In vivo MRI
The animal was cared for, and data were acquired by researchers at the University of Oxford, UK. All procedures were performed under licenses from the United Kingdom (UK) Home Office in accordance with the UK Animals (Scientific Procedures) Act 1986 and with European Union guidelines (EU Directive 2010/63/EU).
In vivo data were acquired across multiple scanning sessions. Here we provide resting-state fMRI, structural and diffusion MRI data from two scanning sessions (named “prime-de”/”last-scan”), ~7 years apart. Some of the data (rs-fmri & structural) from the first session are already available via the primate data exchange (PRIME-DE) where complementary data from another 19 subjects is available (Noonan 2014). Data from the second session constitutes the last in vivo data acquired, approximately 1 year prior to ex vivo data acquisition (“last-scan”).
Task-fMRI data were also acquired. Z-stat maps linking behaviour to fMRI are available via Grohn 2020 (doi:10.1371/journal.pbio.3000899) and Sallet 2020 (doi:10.1371/journal.pbio.3000605). Full references are provided at the bottom of this page.
Data were acquired on a 3T whole-body scanner with 40 G/cm gradients, a four-channel phased array receive coil and a local transmit coil. More information about the acquisition procedures can be found at https://fcon_1000.projects.nitrc.org/indi/PRIME/oxford.html.
The data were preprocessed using FSL tools built into bespoke macaque pipelines (MrCat: https://github.com/neuroecology/MrCat).
Structural MRI
T1-weighted data at 0.5 mm isotropic resolution were acquired using an MP-RAGE sequence.
MP-RAGE acquisition parameters: TE/TR = 4.01 ms/2.5 s; 128 slices; 0.5 mm isotropic resolution; 5/2 images (repeats) were acquired for the first and second dataset (prime-de/last-scan) respectively.
Diffusion MRI
Diffusion MRI were acquired at 1 mm isotropic resolution using echo planar imaging.
EPI acquisition parameters: TE/TR = 100 ms/8.2 s; b-value = 1 ms/μm2; 1 mm isotropic resolution; 1100/361 diffusion weighted (81/61 unique gradient directions) and 144/38 non-diffusion weighted volumes were acquired with both +/- phase encoding directions for the first and second dataset (prime-de/last-scan) respectively.
Resting-state fMRI
Resting-state functional MRI data were acquired using EPI at 2 mm isotropic resolution.
EPI acquisition parameters: TE/TR = 19 ms/2 s; 1600/800 volumes for the first and second dataset (prime-de/last-scan) respectively. This corresponds to 52 min 26 s or 26 min 13 s of data.
Below are examples images of the bias-field corrected structural MRI and the primary eigenvector of the diffusion tensor (DTI V1) from the “prime-de” dataset.
Key references:
Noonan, M.A.P., Sallet, J., Mars, R.B., Neubert, F.X., O’Reilly, J.X., Andersson, J.L., Mitchell, A.S., Bell, A.H., Miller, K.L., Rushworth, M.F.. A Neural Circuit Covarying with Social Hierarchy in Macaques. PLOS Biology 2014;12(9):e1001940. doi:10.1371/journal.pbio.1001940.
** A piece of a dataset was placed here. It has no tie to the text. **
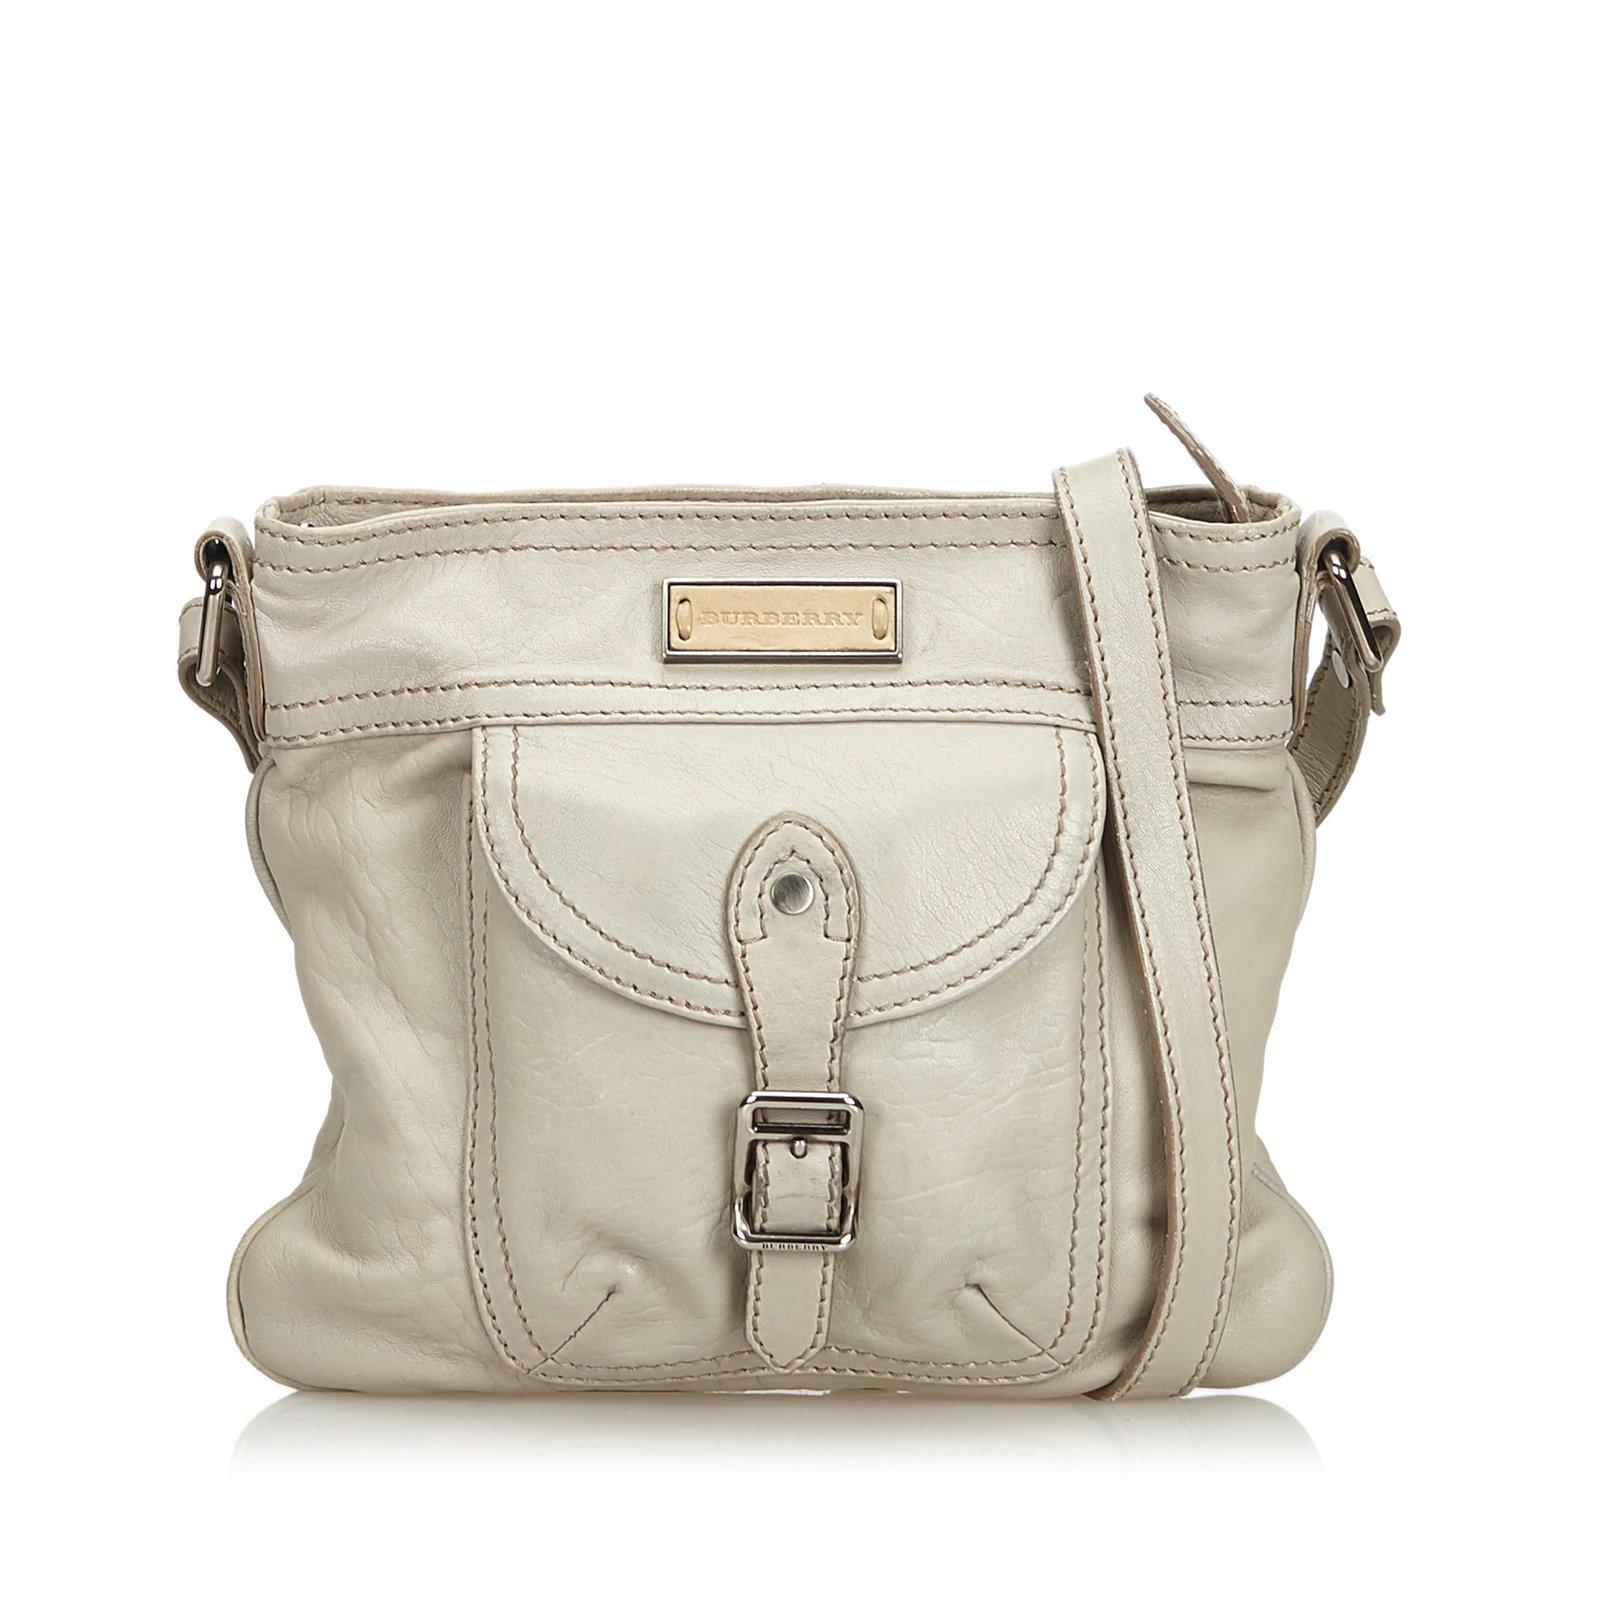 Burberry Leather Shoulder Bag Handbags Leather f4565cd1cdea5

Grohn, J., Schuffelgen, U., Neubert, F.X., Bongioanni, A., Verhagen, L., Sallet, J., Kolling, N., Rushworth, M.F.. Multiple systems in macaques for tracking prediction errors and other types of surprise. PLOS Biology 2020;18(10):e3000899. doi:10.1371/journal.pbio.3000899.
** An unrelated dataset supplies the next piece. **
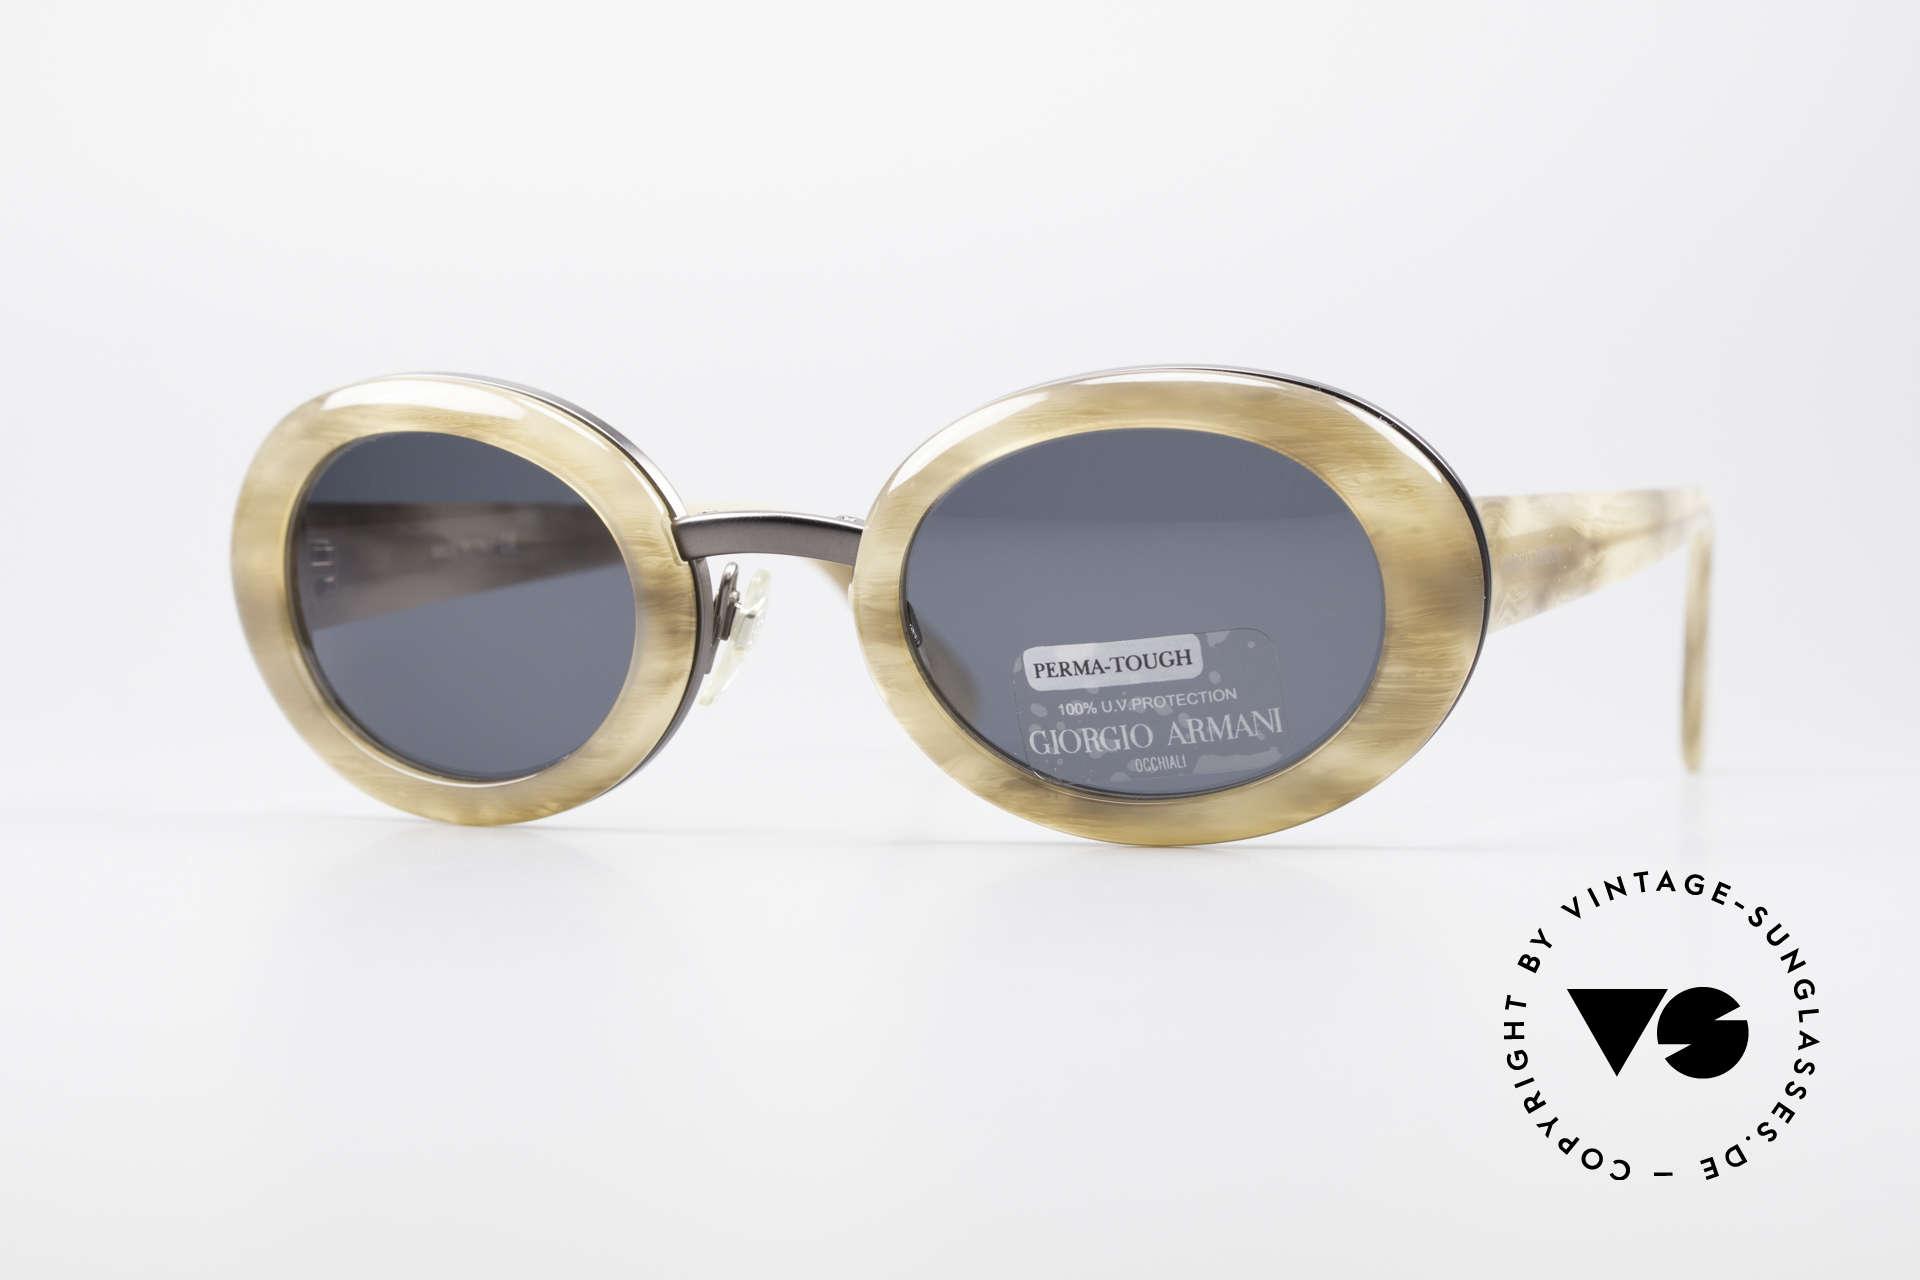 Giorgio Armani 945 Designer Sonnenbrille Damen, außergewöhnliche Giorgio Armani Designer-Sonnenbrille, Passend für Damen

Sallet, J., Noonan, M.A.P., Thomas, A., O’Reilly, J.X., Anderson, J., Papageorgiou, G.K., Neubert, F.X., Ahmed, B., Smith, J., Bell, A.H., Buckley, M.J., Roumazeilles, L., Cuell, S., Walton, M.E., Krug, K., Mars, R.B., Rushworth, M.F.. Behavioral flexibility is associated with changes in structure and function distributed across a frontal cortical network in macaques. PLoS Biology 2020;18(5):e3000605. doi:10.1371/journal.pbio.3000605.